My wife and I recently purchased a home and I've done several renovations around the house (new kitchen, painted the house, new shutters, new landscaping) and there is one thing left on my to-do list, but I'm hesitant and wanted some advice before I proceed.

On the side of our house, we have a door leading to our driveway. There is currently a hiedous white metal awning. Eventually, when the money is there I'd like to build out and make a small porch, but until then I'm stuck with this god-awful awning.

I would love nothing more to just ahead and rip this thing off the side of the house. I'm just hesistant to do so, I can't really think of any issues it would cause, but I just want to double check I'm not missing anything big. I know the moulding around the door frame and trim would need some serious water proof caulking, but other than that is there any reaso nI can't go home tonight and suprise my wife and get rid of this thing? Our back door does not currently have an awning and I do not notice water leaks or anything.

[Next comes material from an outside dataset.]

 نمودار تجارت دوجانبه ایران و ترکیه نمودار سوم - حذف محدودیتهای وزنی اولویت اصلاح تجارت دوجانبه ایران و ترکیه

Any advice would be greatly appreciated!

Thanks!!


----------



## moneymgmt (Apr 30, 2007)

A pic would greatly help explain how it is attached. When I resided my house in the fall we removed a similar awning and there was 40 years of dirt/junk/fading on the siding behind it. I didn't care, like I said I was residing anyhow, but keep in mind that the end result may be less attractive than your awning is now. Mine had several lag bolts through the frame into the wall, very simple to remove.

In the short term Home Depot sells canvas awnings in colors and/or prints for a couple hundred bucks if you want a cheap better looking replacement until you get to the bigger porch job.


----------



## bob22 (May 28, 2008)

Don't forget the rain! Once it is gone you're wet fumbling with the keys to the house. Might be worth it to keep it until you are ready to replace?


----------



## rollinastang (May 19, 2011)

if u decide to tear it down i would recommend filling the bolt holes with caulk or silicone so that water does not get into the holes and run down the back of your siding. as you previously stated caulk around the door...it may be best to just take the awning down strip it of looses paint and paint it with a rustoleum color that will match your home for a nice curb appeal and to keep some shelter until you decide to renovate that area. when reattaching the awning if u choose this method i would squeeze caulk or silicone into the bolt holes before reattaching and depending on the wear of the holes maybe go with one size larger diameter of bolts just to make sure water is kept out and that there is a strong grip to hold it up during a wind storm.


----------



## JohnnyD44 (Mar 7, 2011)

I just recently painted the house, so I do have some spare paint. I appreciate the input so far. I did plan on caulking the holes left behind by the bolts. There shouldn't be much stain because it's a thin metal bracket supporting it. Below is a pic of the awning taken before the house was painted. It's the best I could find flipping through photos online! The awning is on the left of the house

as far as the keys in the rain - I suggeted that to my wife....she replied "i'd rather get soaked than deal with that awning" haha


----------



## gregzoll (Dec 25, 2006)

Why not take it off, repaint with a good quality spray paint, and then rehang, until time to put up the enclosure you want. We did that with the awnings that is on our house. Actually turned out really well. Keep in mind, putting a bump out on the side, may not turn out well, unless it is made to blend into the current structure.


----------